### Exercise instructions
Exact copy, no pictures: output each line below as it stands.

### Dataset section
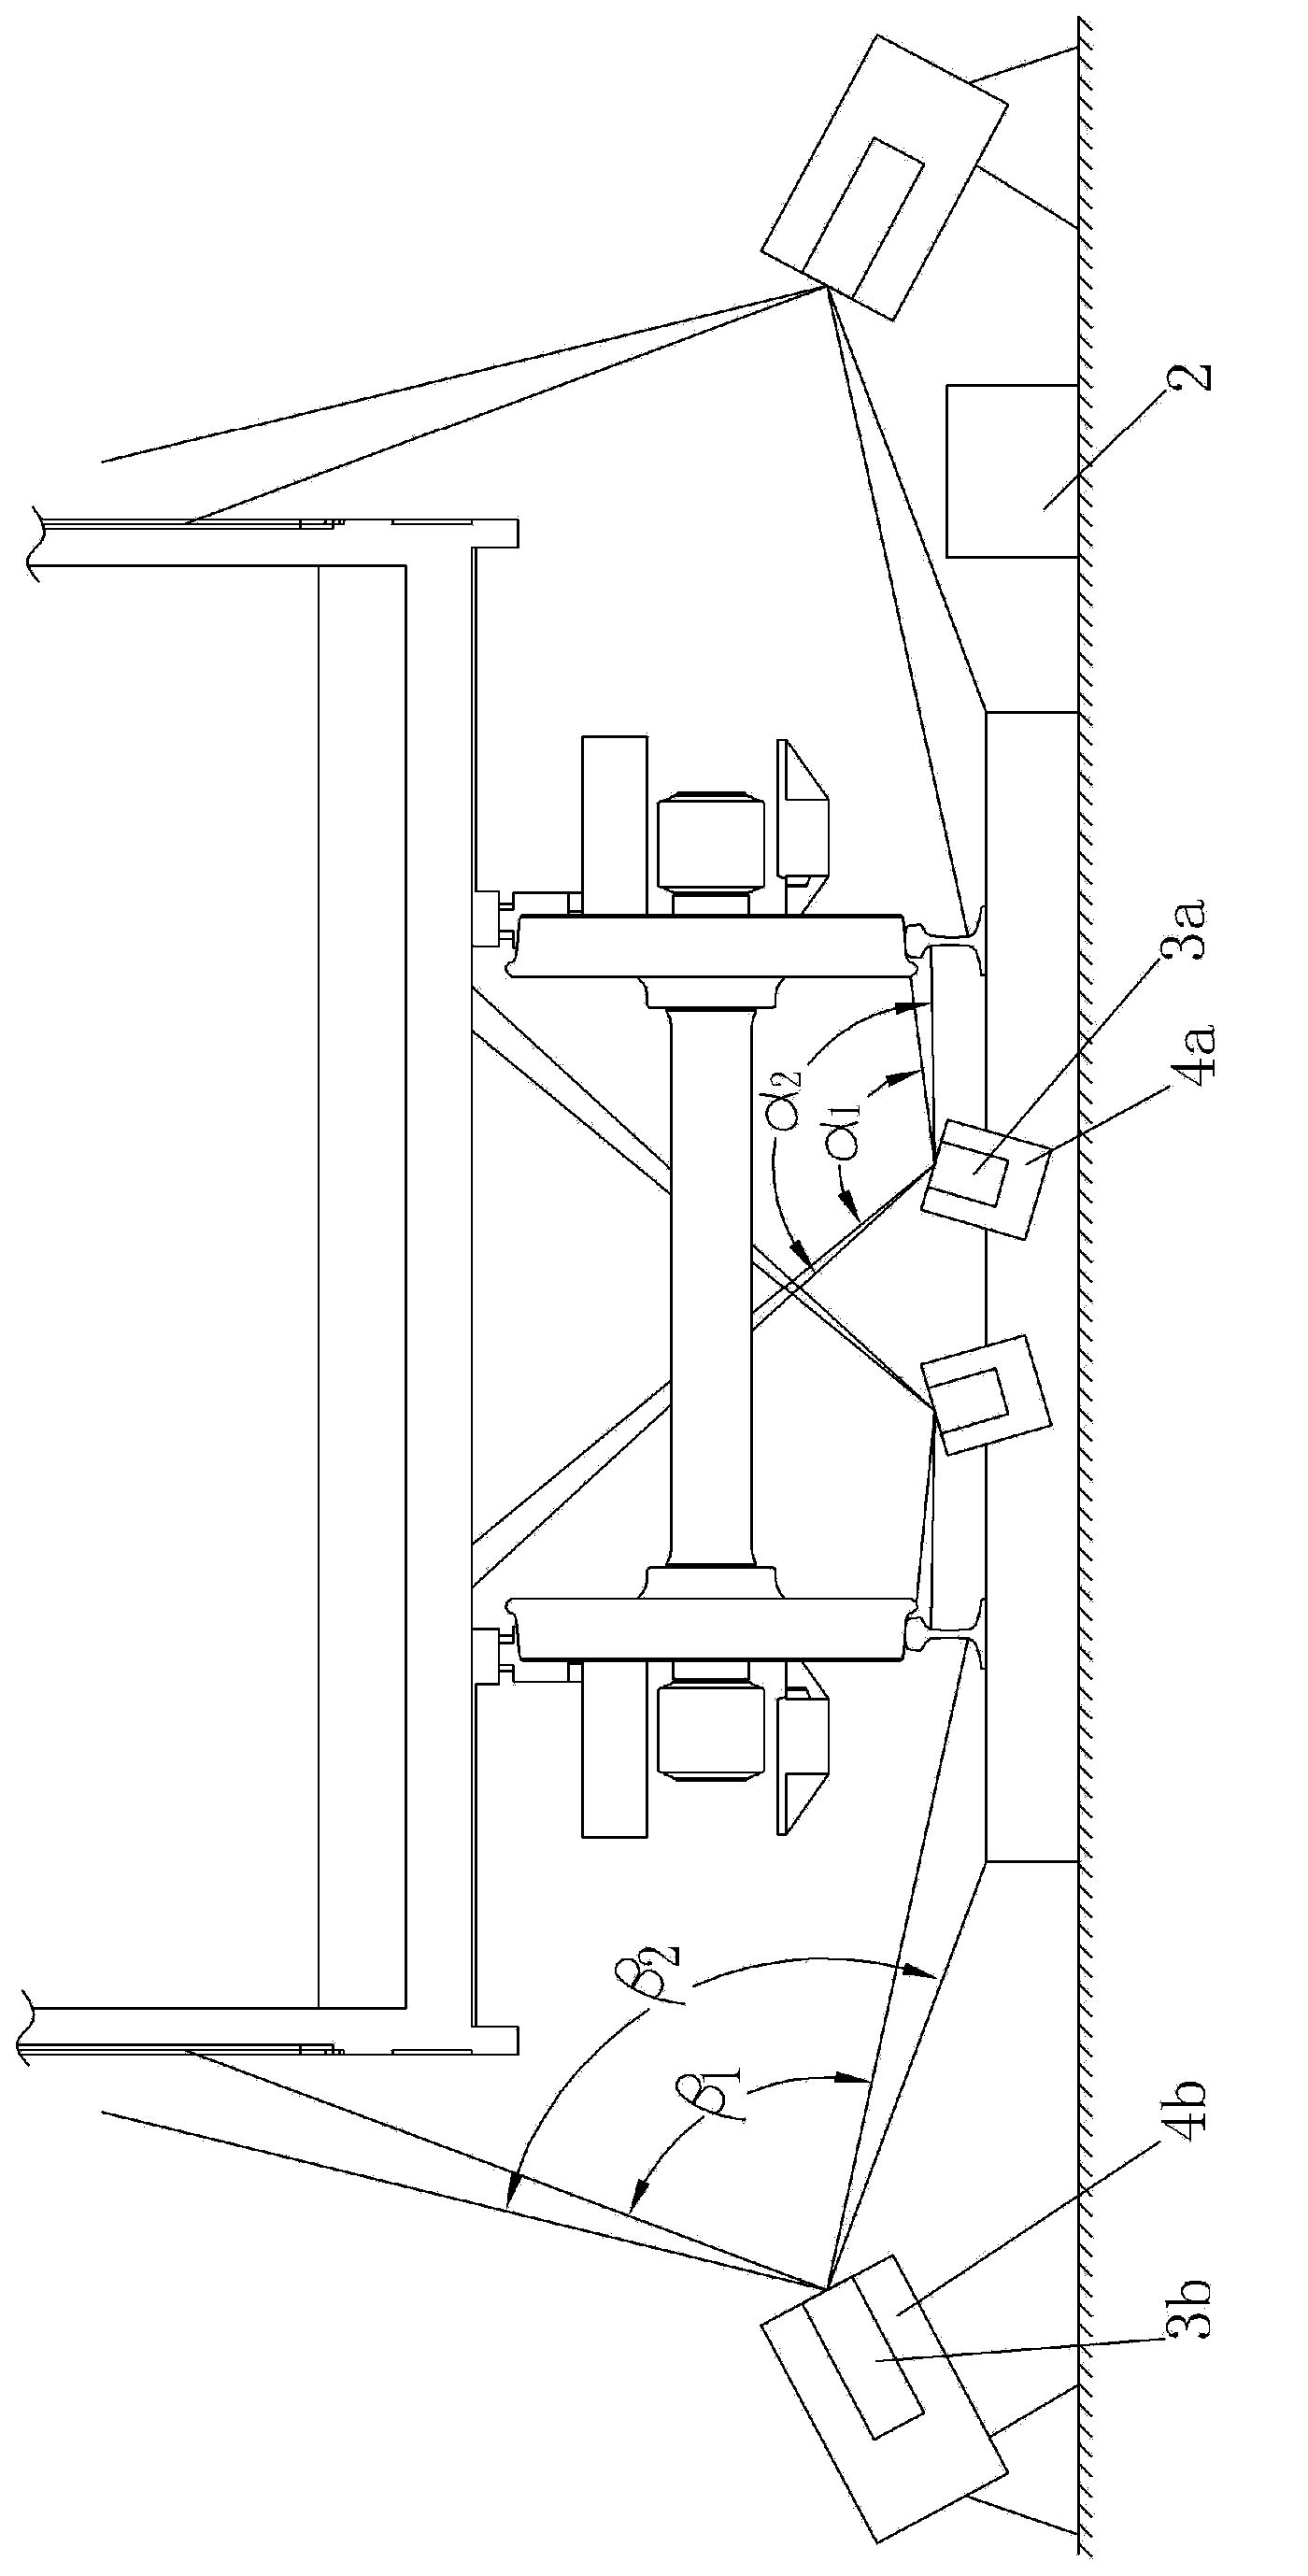 Imaging and temperature measuring device for bogie and underframe of running train
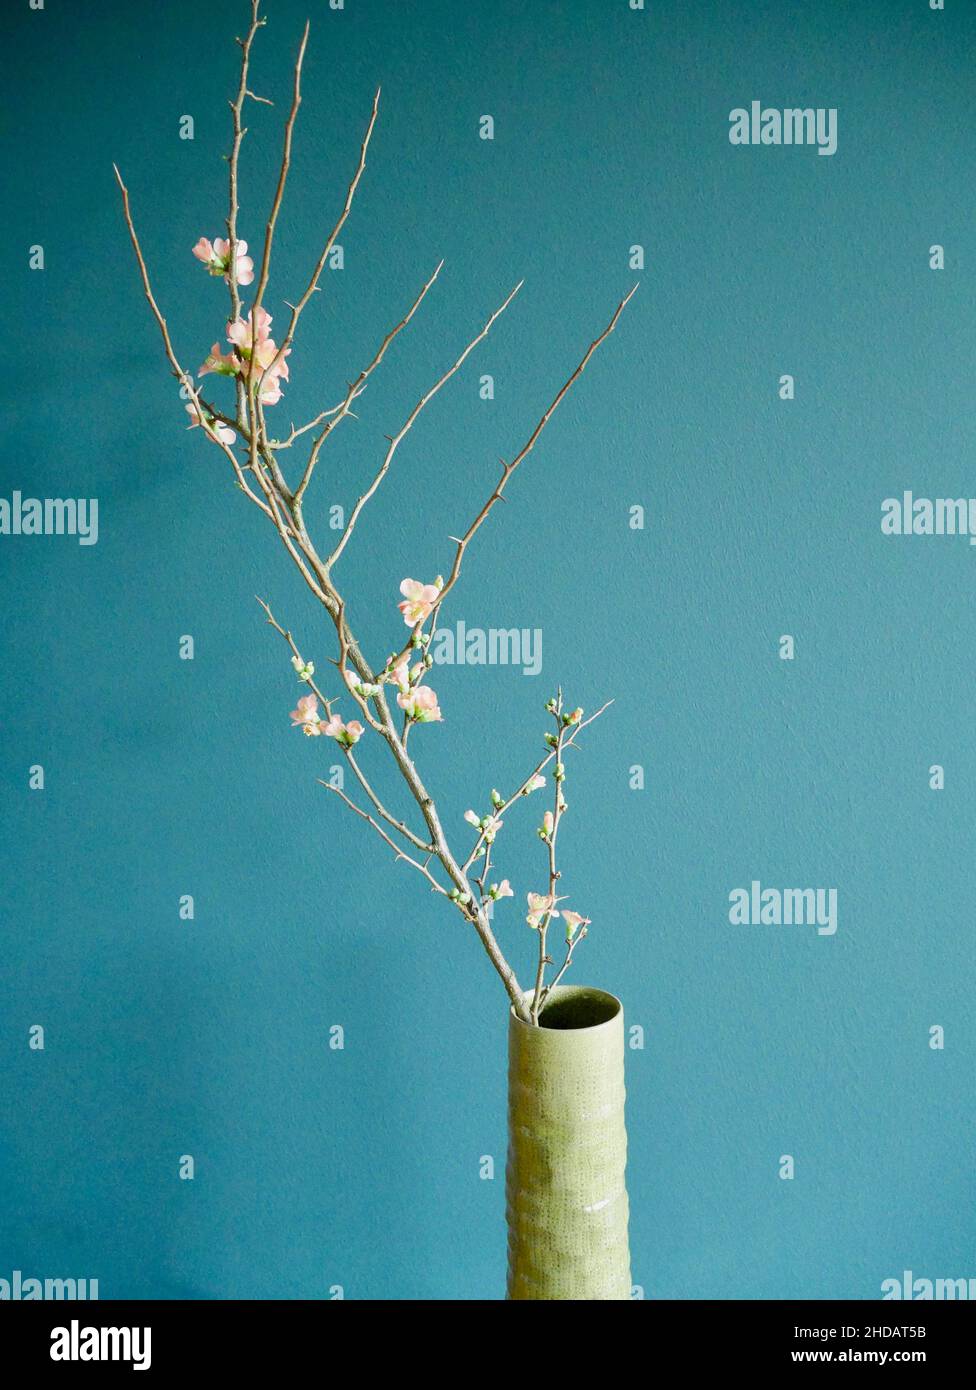 Blooming quince branch in green ceramic vase against petrol wall. Natural floristics. Stock Photo
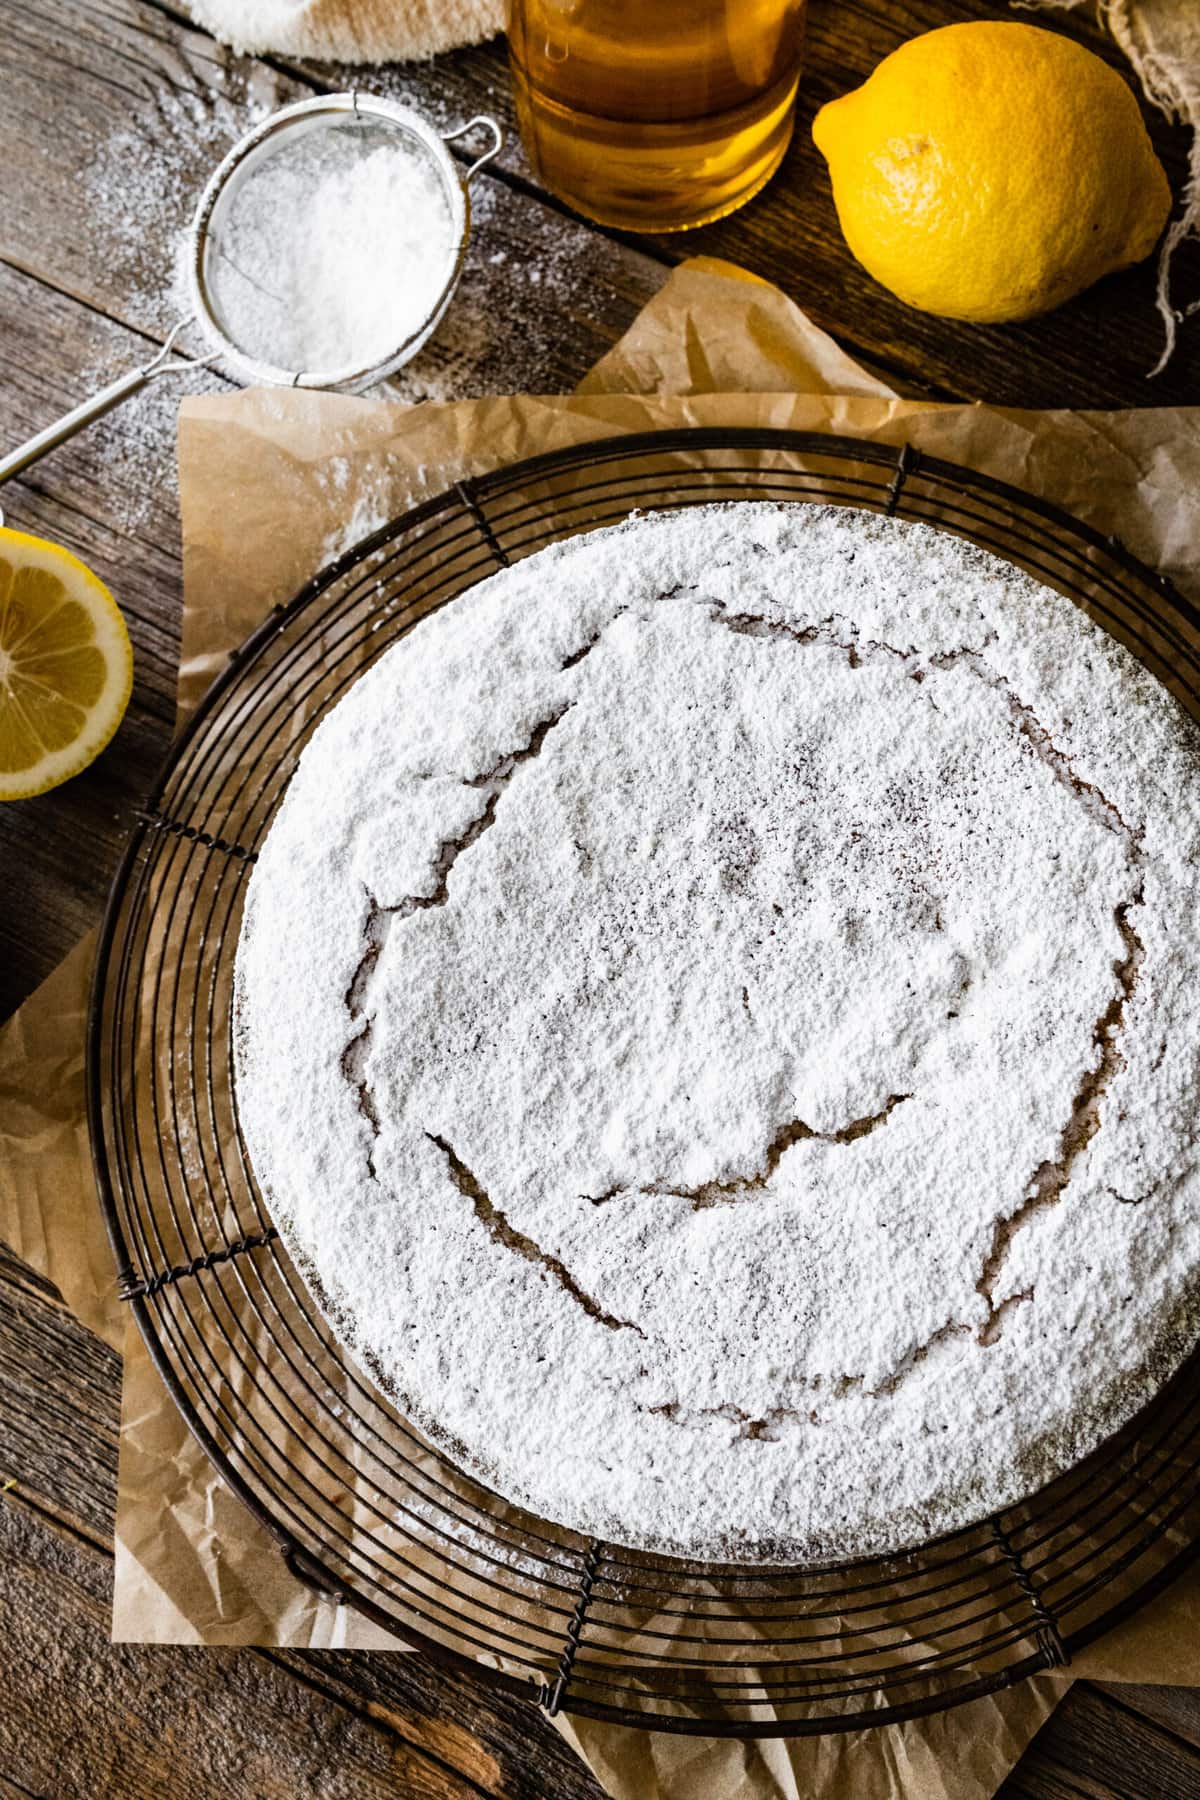 baked best olive oil cake with powdered sugar on a cooling rack with lemons around and bottle of olive oil.

### Written solution
 Imaging and temperature measuring device for bogie and underframe of running train
 Blooming quince branch in green ceramic vase against petrol wall. Natural floristics. Stock Photo
 baked best olive oil cake with powdered sugar on a cooling rack with lemons around and bottle of olive oil.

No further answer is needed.